В Риме
Групповому отбору редко удается превзойти индивидуальный. Чтобы в этом убедиться, рассмотрим следующий пример. Соотношение полов буквально всех животных при зачатии составляет 50:50. Почему? Вообразите вид кроликов, состоящий из 10 самок на каждого самца. Поскольку эти животные полигамны, и от самцов не требуется кормить и защищать свое потомство, они будут процветать и размножаться в два раза быстрее, чем нормальные кролики. Как результат, последние скоро вымрут. Выходит, неравное соотношение полов для вида хорошо.
Но взглянем на это с точки зрения отдельной самки нового вида. Допустим, она имеет возможность менять соотношение полов в своем помете. Если она рожает только сыновей, каждый из которых в свое время спарится с 10 самками, то у нее будет в 10 раз больше правнуков, чем у соперниц. И очень быстро ее потомки начнут преобладать. Но, поскольку в каждом поколении будут рождаться только самцы, их будет все больше и больше — а значит, соотношение полов в конце концов станет равным. Вот почему — за редкими исключениями, лишь доказывающими правило — эта пропорция всегда вращается вокруг 50:50. Любое отклонение автоматически вознаграждает тех, кто восстанавливает равновесие.
То же справедливо для поведения человека. Вообразим южноамериканский лес и живущих в нем несколько сотен индейских семей, которые едят только сердцевину пальмы. Подобное не так уж невероятно: этот продукт является основным для целого ряда народов. Представим, что пальмы растут медленно, а рубить можно только зрелые деревья. Чтобы предотвратить голод, каждая семья подчиняется жесткому правилу «два ребенка на каждую женатую пару» и убивает «лишних» малышей. В результате зрелых пальм хватает на всех. Все хорошо в этом слегка тоталитарном Эдеме. Вид заботится о своих интересах (хотя бы и ценой индивидуальных стремлений) и процветает.
Теперь представим, что, по какой-то причине, спустя много лет одна семья отказывается делать то, что ей велено, и воспитывает 10 детей. Родители кормят их, срубая молоденькие пальмочки. Другие поступают так же, и все племя скоро оказывается в беде — причем законопослушным индейцам не лучше, чем нарушителям. На самом деле у последних, которых стало много, больше шансов выжить при надвигающемся голоде, чем у семьи, блюдущей закон. Невинные не только разделяют страдания виновных — на их долю выпадает даже больше мучений. Сам вид далек от процветания, чего не скажешь о его представителях. Потенциальный нарушитель закона либо может утверждать, что в конечном счете ему будет лучше, если он устоит перед искушением, либо руководствоваться «патриотизмом». Но может ли он быть уверен, что другие придут к такому же выводу? Вспоминая о дилемме заключенного, может ли он быть уверен, что они не предадут? И, если уж на то пошло, есть ли у него гарантия уверенности соплеменников в том, что не предаст он? Ибо если один человек предает, думает, что другой может предать, или считает, что другой думает, будто он предаст, чувство общности рушится, и логика ведет к беспределу.
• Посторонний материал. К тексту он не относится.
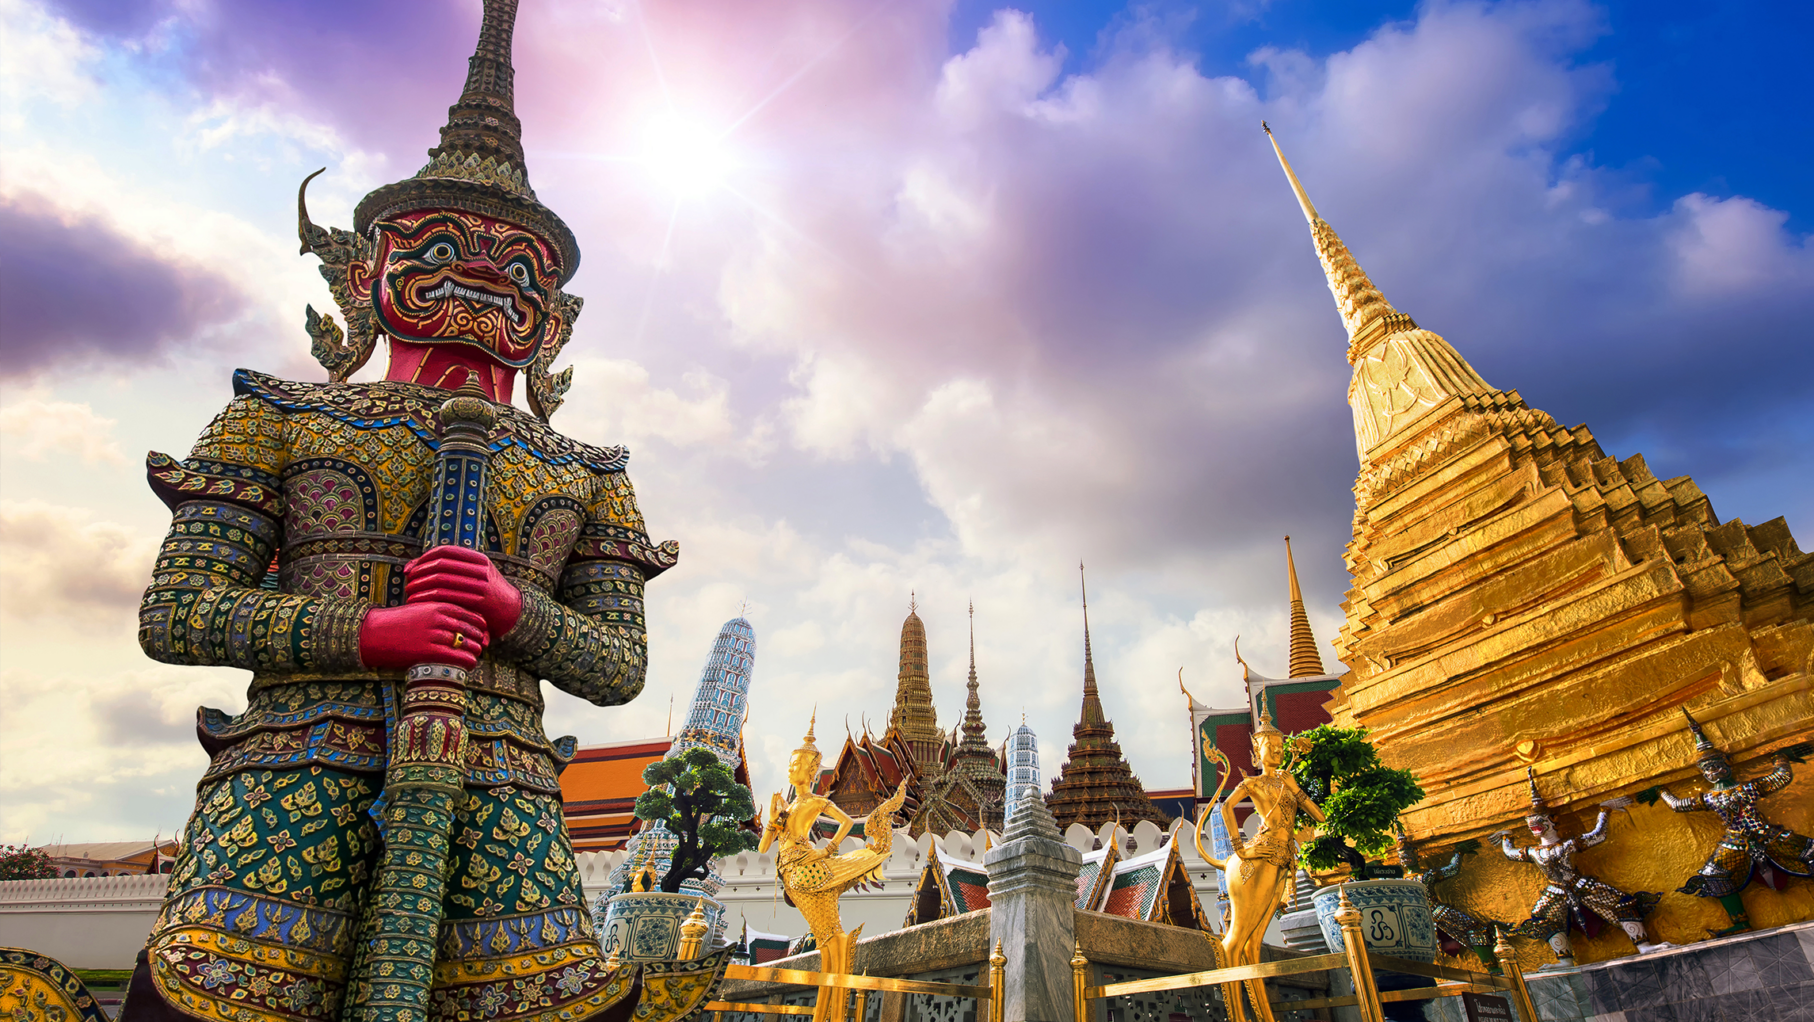 A statue and pagoda in Bangkok

Вспомните суровый урок хромосомы, эмбриона и муравьиной колонии. Вечная угроза эгоистичного мятежа существует даже в таких тесно связанных группах. Восстание подавляется исключительно благодаря искусным механизмам, организующим лотерею среди хромосом, или изолирующим зародышевую линию в эмбрионе, или стерилизующим рабочих муравьев. Насколько же труднее подавлять такие мятежи, когда индивиды не связаны родственными узами, вольны мигрировать между группами и способны размножаться самостоятельно?
Схожая логика обнажила безнадежно слабые допущения, лежащие в основе всего подхода группового отбора. Если группы характеризуются столь же коротким временем одного поколения, что и индивиды, если они достаточно инбрендны, если миграция между группами относительно небольшая, если шансы на вымирание группы так же высоки, как и составляющих ее индивидов — только тогда групповой отбор пересилит эффекты индивидуального. В противном случае эгоизм, подобно вирусу, распространяется внутри любого вида или группы, практикующих ограничение в интересах более крупного сообщества. Индивидуальные стремления всегда превалируют над коллективным ограничением. На сегодняшний день среди животных или растений не найдено ни одного убедительного примера практики группового отбора не только в семье близких родственников или клонов. Единственное исключение — образование новых колоний у пустынных муравьев-жнецов (да и то их идиллия недолговечна). Пчелы жертвуют своими жизнями ради защиты улья, но делают это для выживания не его самого, а генов, которые они делят со многими сестрами. Их отвага — всего лишь следствие эгоизма их генов154.
Впрочем, не так давно в уверенность, с которой некоторые биологи щеголяют этим аргументом, закралась нотка сомнения. Ученые не сомневаются в его верности, однако полагают, что нашли одно исключение — вид, в котором маловероятные условия позволяют группам кооператоров получать такое большое преимущество над сообществами эгоистичных индивидов, что первые могут заставить вторых исчезнуть до того, как те успеют их «заразить».
Это исключение — разумеется, человек. Что делает людей особенными, так это культура. Благодаря практике передачи традиций, обычаев, знаний и верований путем прямого «заражения» друг от друга, нашему виду свойственен совершенно новый тип эволюции. Речь о конкуренции между индивидами или группами. Но не генетически различными, а культурно. Один человек процветает за счет другого не потому, что его гены лучше, а потому, что он знает или верит в нечто, имеющее практическую ценность.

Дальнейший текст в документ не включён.